The designer of the engine did not say anything about the cyclopedia but the website does and shure enough that 1930s cyclopedia has almost all of the info needed to rebuild a G3 Pacific locomotive as well as any other engine for that matter.


----------



## norgale

It sure would be nice to have some of those books. Who publishes them and if yours is one from 1930 does that mean it has alll the locos in it up to that date? If so then a 1940 would have ten more years of locos no? Pete


----------



## gc53dfgc

I currently do not own one but that is in my plans to get the 1930s edition of it. So I can not tell anyone to much about them as I need to make sure I get a 1930 edition before there are none available. I can tell you they are large and that they run upwards of 200 dollars depending on condition. I would say that the cyclopedia does not have all the engines up to that date. I believe the book goes back about 10-25 years in time as those would be the oldest engines a 1st class railroad would own at that time because of the constant growing technology of them annd the shear number of engines types produced. A 1940 edition would most likely just go back 20 years. I need the 1930 edition because it is the one mentioned to have reference to the G3s and I don't know if newer editions have the G3 because it was no longer in production. I will look into some of the newer editions and as for originallity, a 1930 cyclopedia was made in 1930 none were made after that period which is why they are rare, expensive, and i need one.


----------



## tjcruiser

GC,

Great find! Now you're talking ... those are engineering-type drawings, specifications, etc. Much more detail than your original "blueprints".
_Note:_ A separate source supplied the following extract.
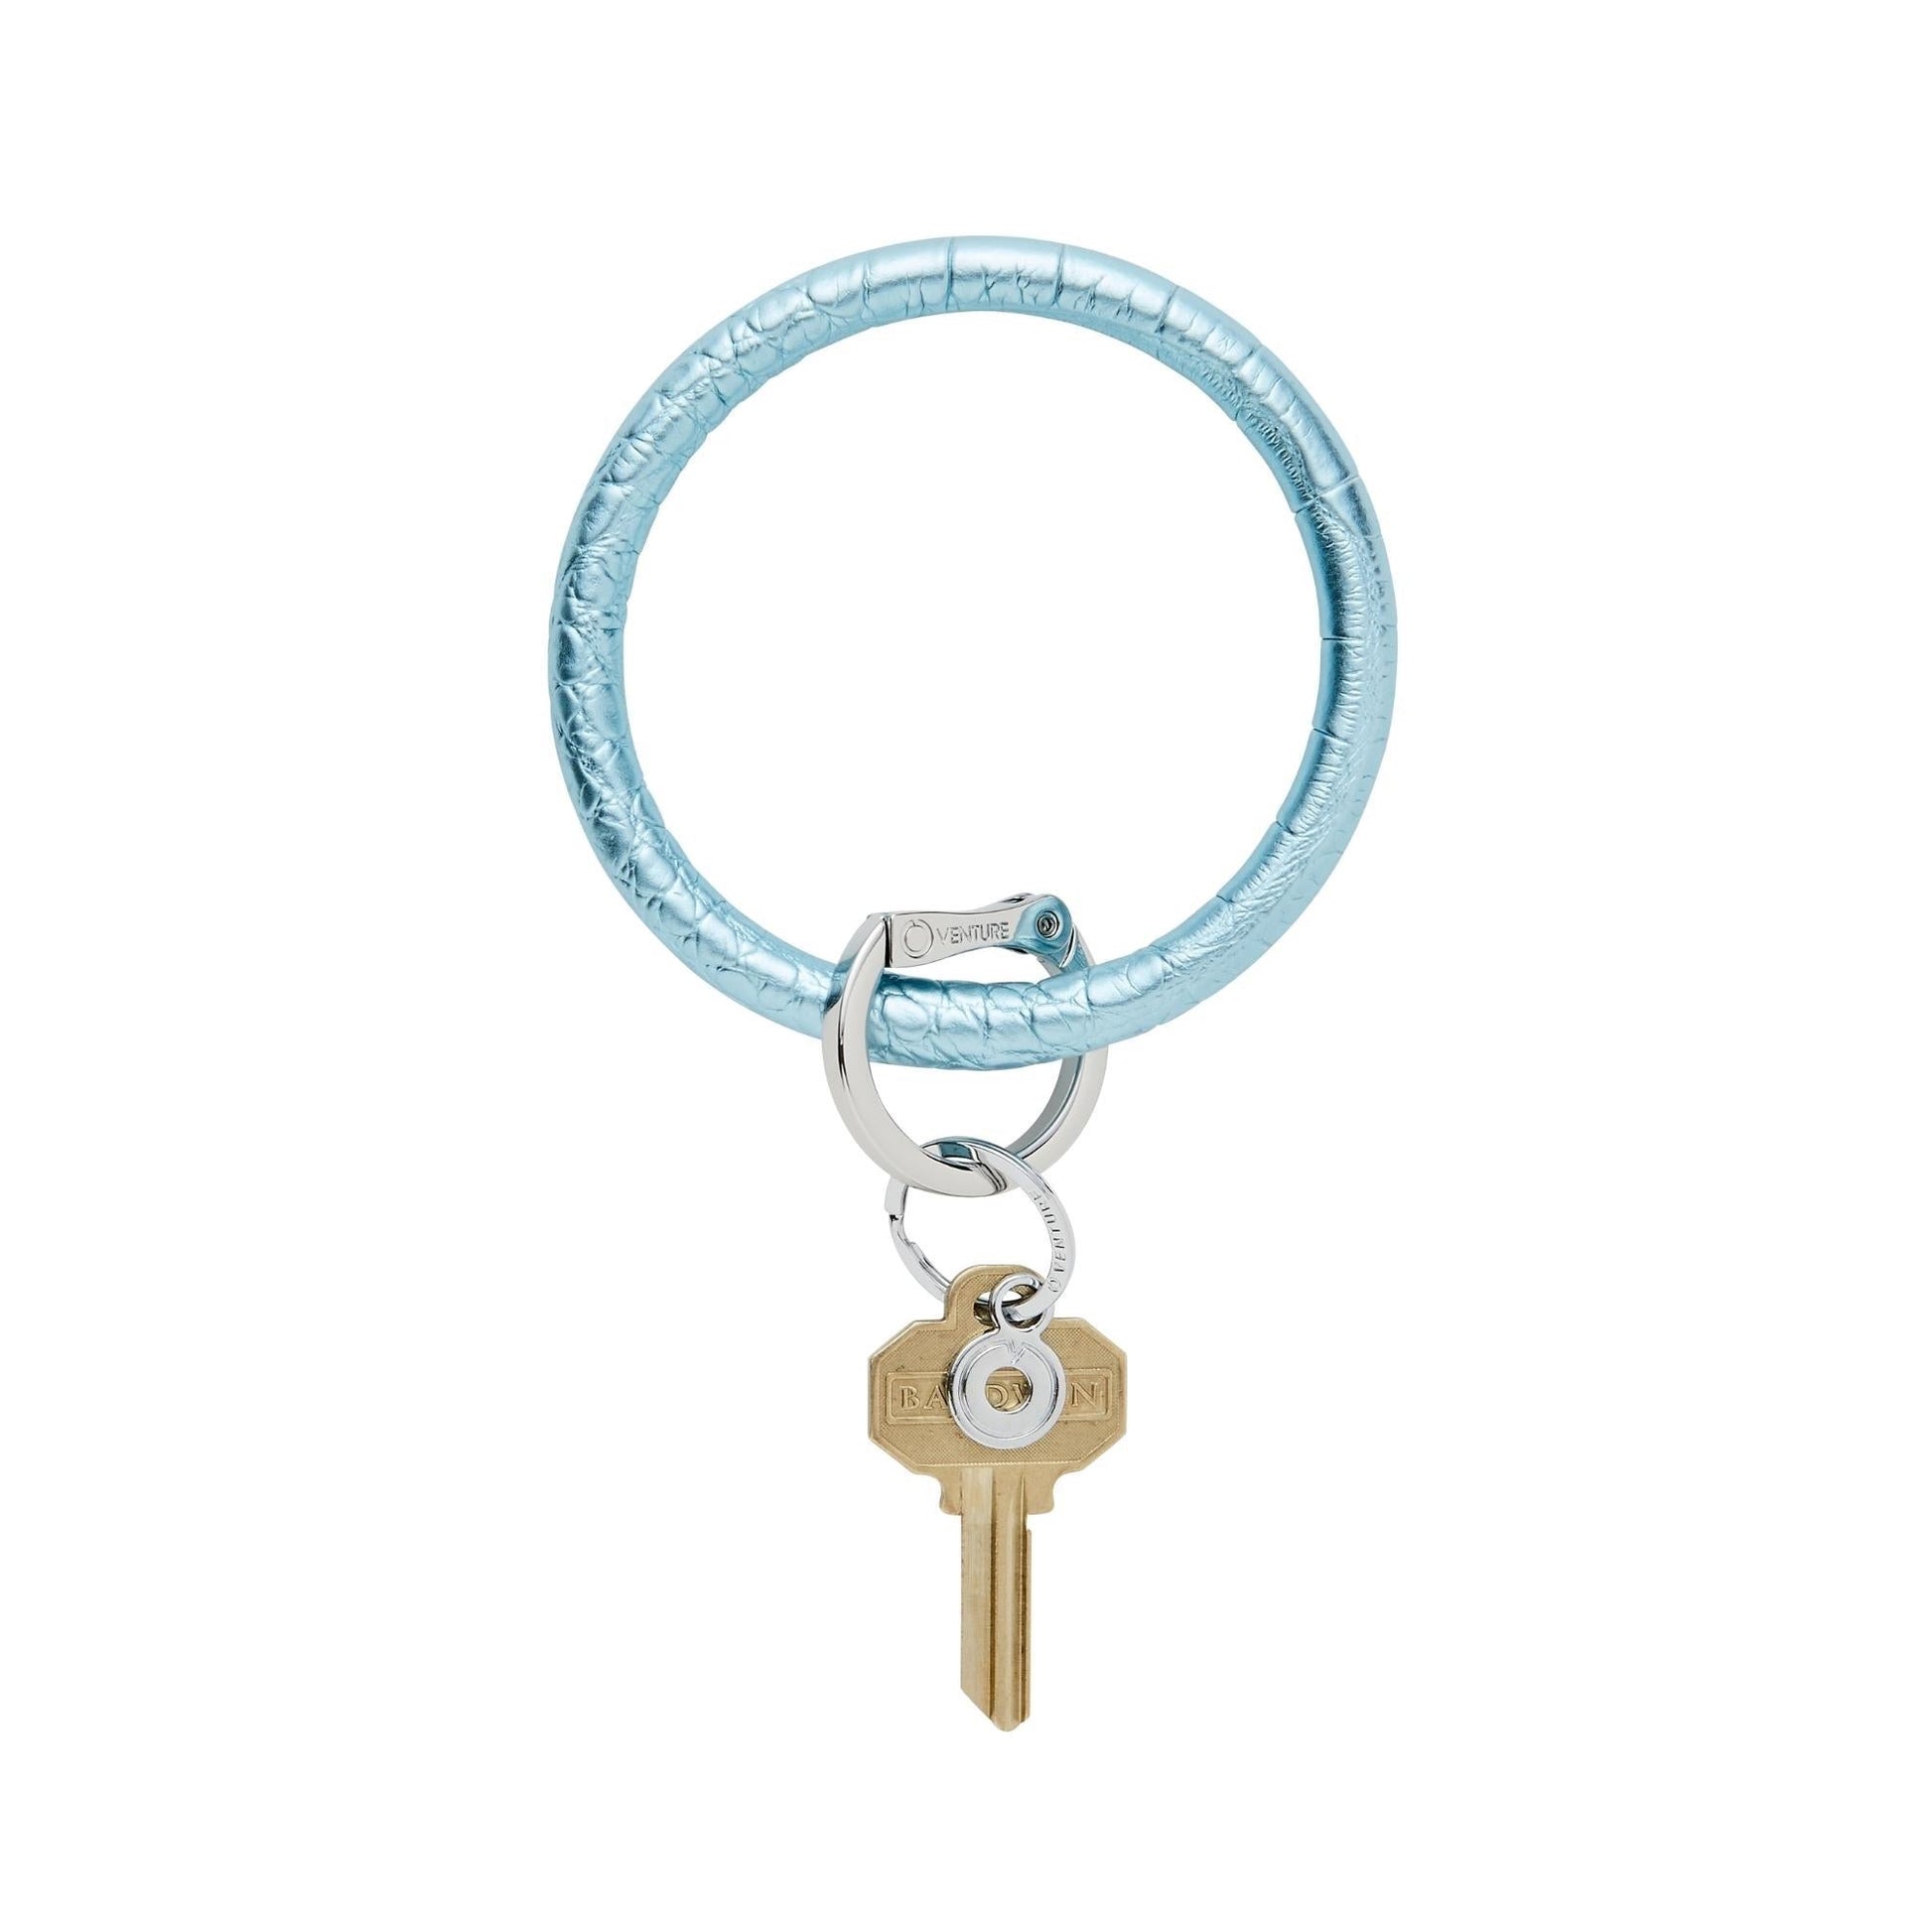 Metallic light blue croc embossed leather big o key rings with silver locking clasp

Here's a quick Lib of Cong search along those lines:

http://www.loc.gov/search/?q=Locomotive+Cyclopedia&st=list

Note a 1916 version, and a 1936 "modelers" version.

Happy reading!

TJ


----------



## gc53dfgc

I still have those blueprints and they are indeed originals its just they are part of a bigger plan set. The ones I have give a good bit of detail about the boiler and its specs. This will jsut really speed up the process of doing it insted of having to redisgn it all to match.


----------



## gc53dfgc

*New Color Photos*

I am waiting for the right close to perfect condition 1930's Locomotive Cyclopedia to come on the market as the ones on now have damged pages where i need ones that are not for them to be useable. So I decided to do another black and white to color conversion as well as some more research. 
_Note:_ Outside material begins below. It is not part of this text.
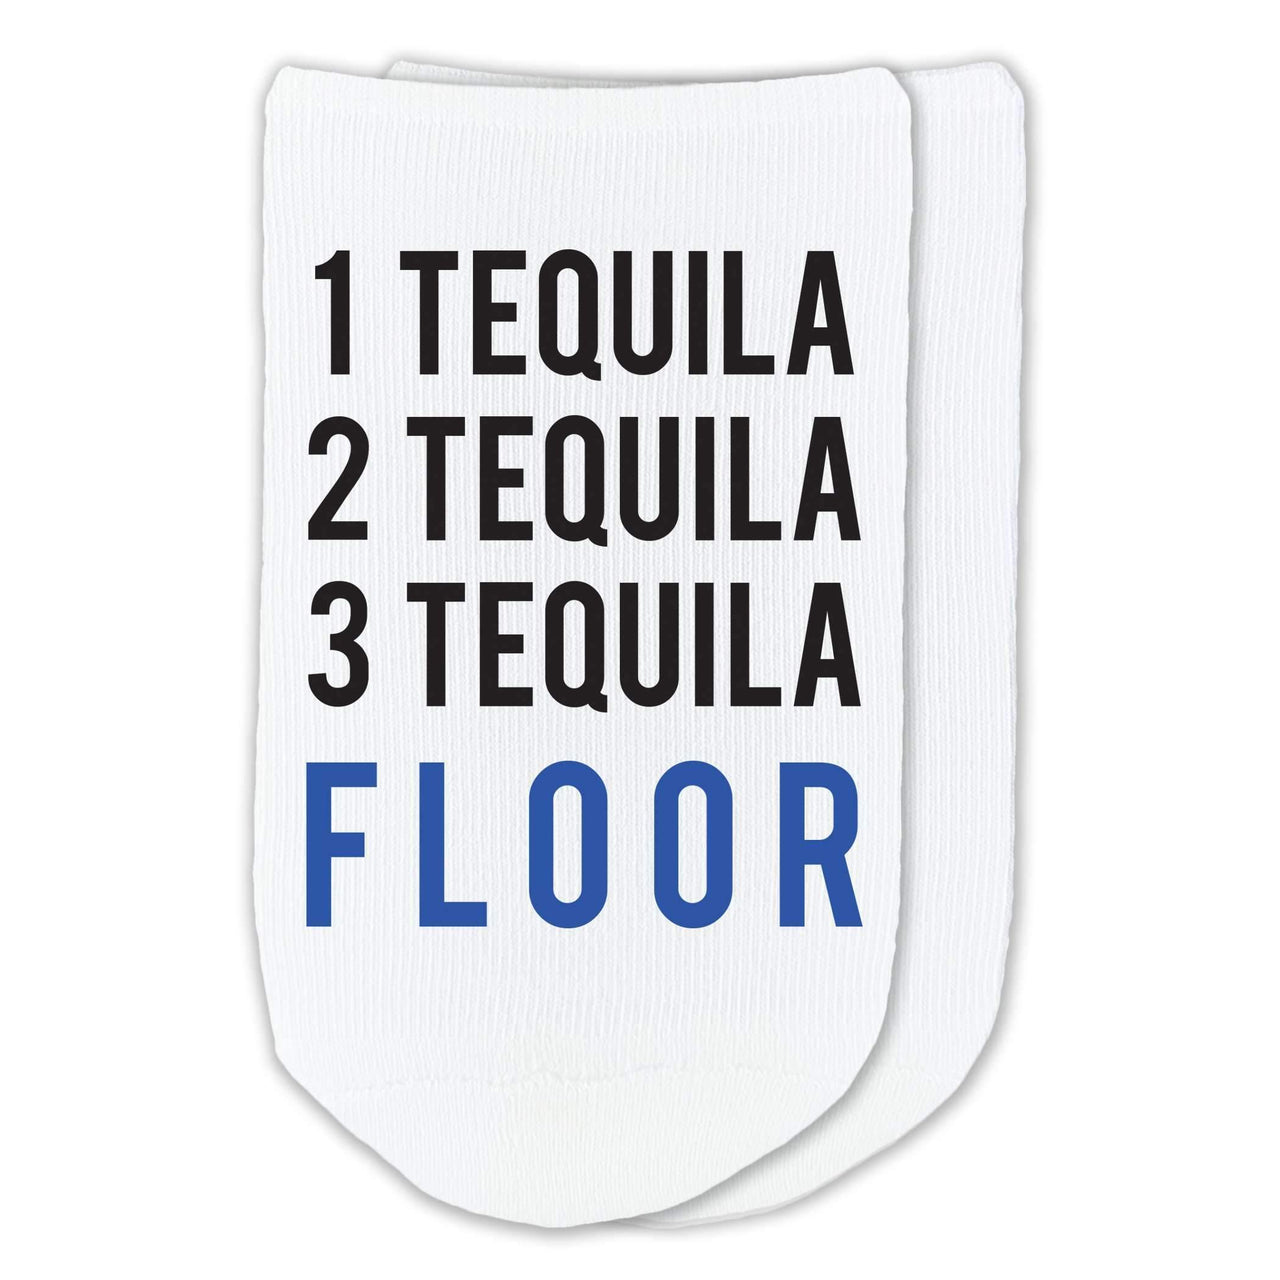 One tequila two tequila three tequila floor custom printed on no show socks.

First off is the picture of the blue comet engine and cars after the original 831,832,and 833 were removed from service on the line. The original Blue Comet engines were pulled off of service and replaced with other Pacifics but most comonly this Camelback locomotive. The three Blue Comet engines were repainted in black and put into frieght or other passenger services on the CNJ lines.
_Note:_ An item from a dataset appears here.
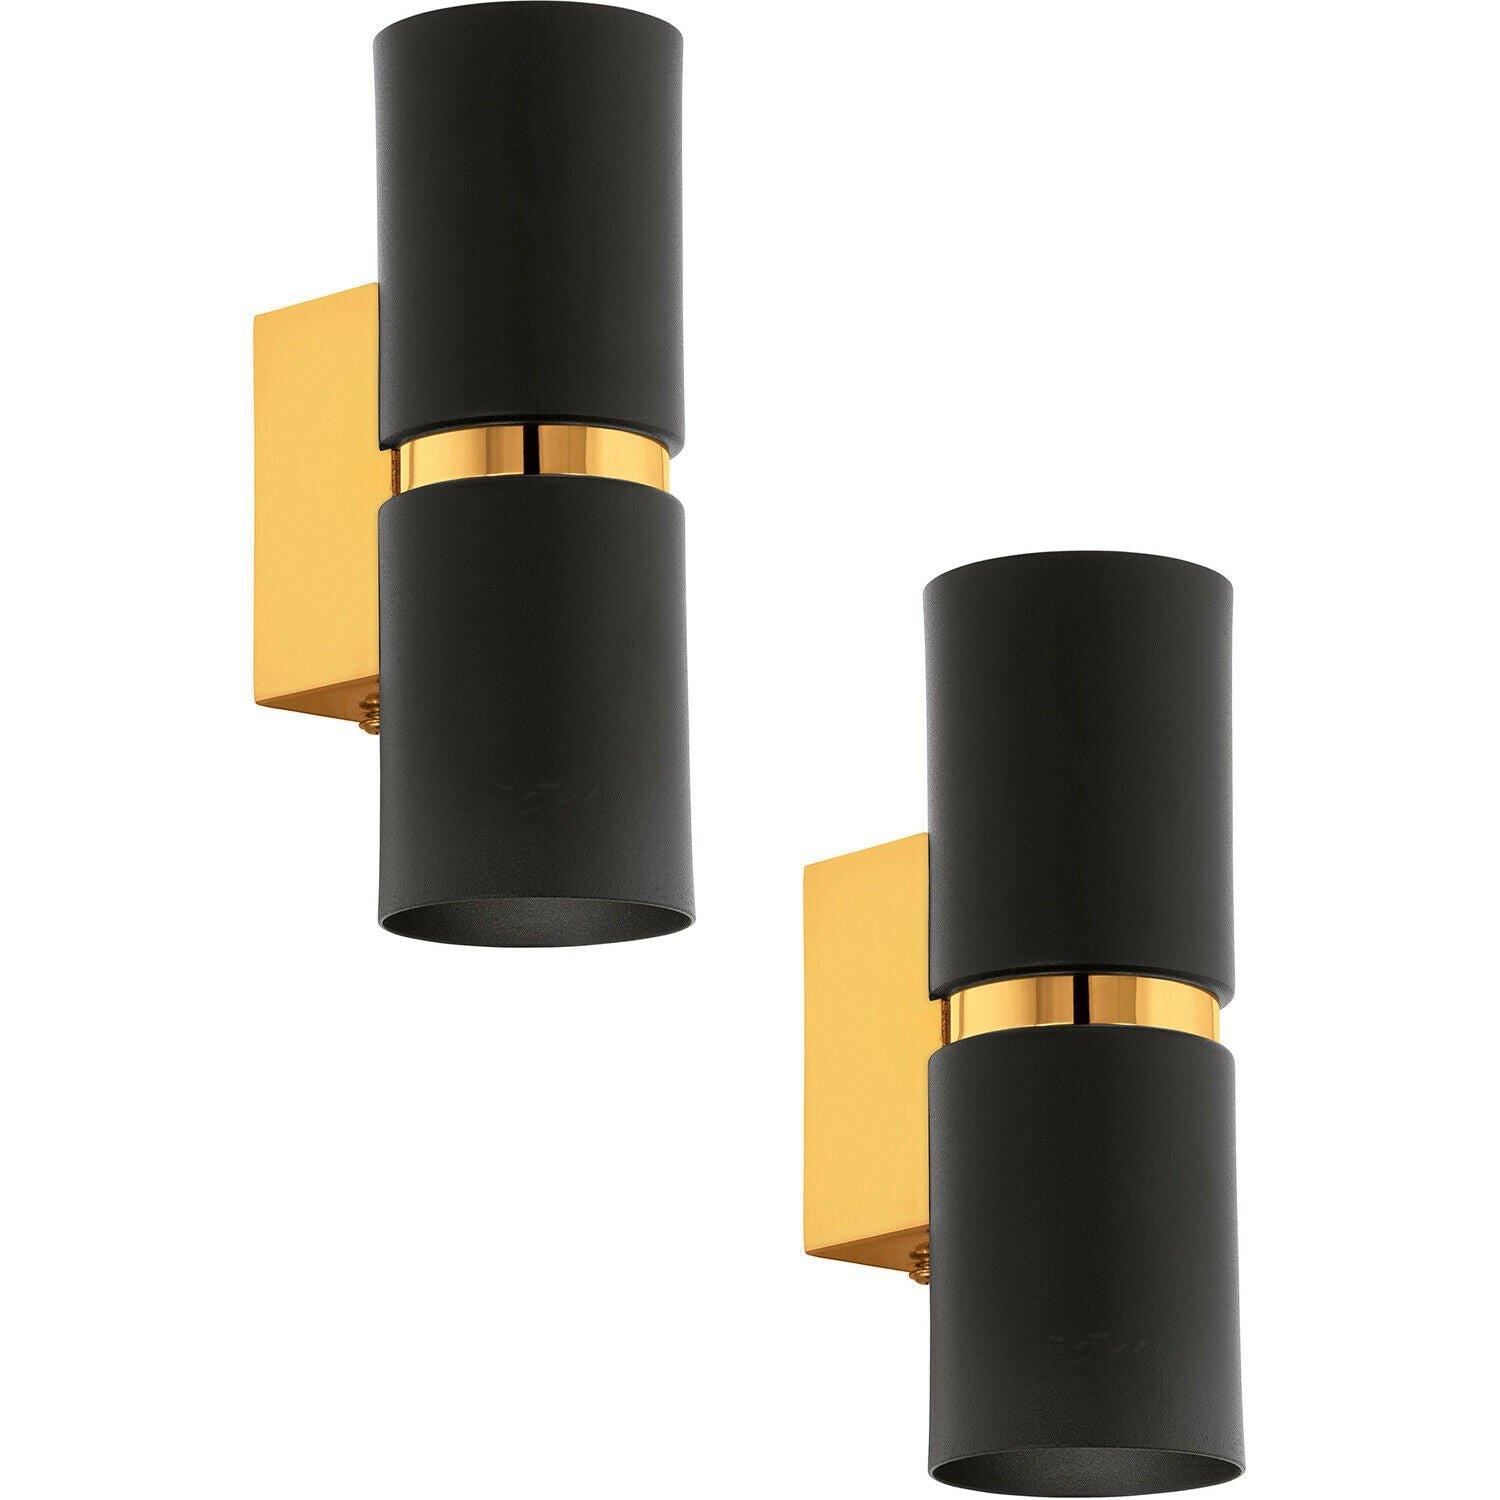 2 PACK Wall Light 2x Black Shades Gold Banding & Back Plate GU10 3.3W Included

I also did some research on the passenger cars used by the Blue Comet. I even found outt he two editions of car builder cyclopedias that I need which are the 1925 and 1928 editions which give massive amounts of betail on everything in the cars from the ventilation to the heating and water systems as well as how each fixture was designed and made. I also tracked down where some of the remaining cars are currently, most of which still residing in New Jersey. The first two which are in their most original condition are at the United Railroad Historical Society of New Jersey. These include De Vico, D'arrest, and Westphal. The others are at Rio Grande, New Jersey as a part of the Tri-State Railway Historical Society which is the observation car Tempel. Biela is currently located in Clinton, New Jersey as a renivated observation car serving as a resturant. The CNJ Camelback locomotive #592 is preserved at the Baltimore and Ohio railroad museum in Maryland. I am asking a favor of all those who live in New Jersey or in Maryland that when they go by these areas and happen to be going to those places for some reason or another that if they could would get some detailed photos of the surviving cars and if possible inside details as well as truck bogie details. Any help would be much apreciated.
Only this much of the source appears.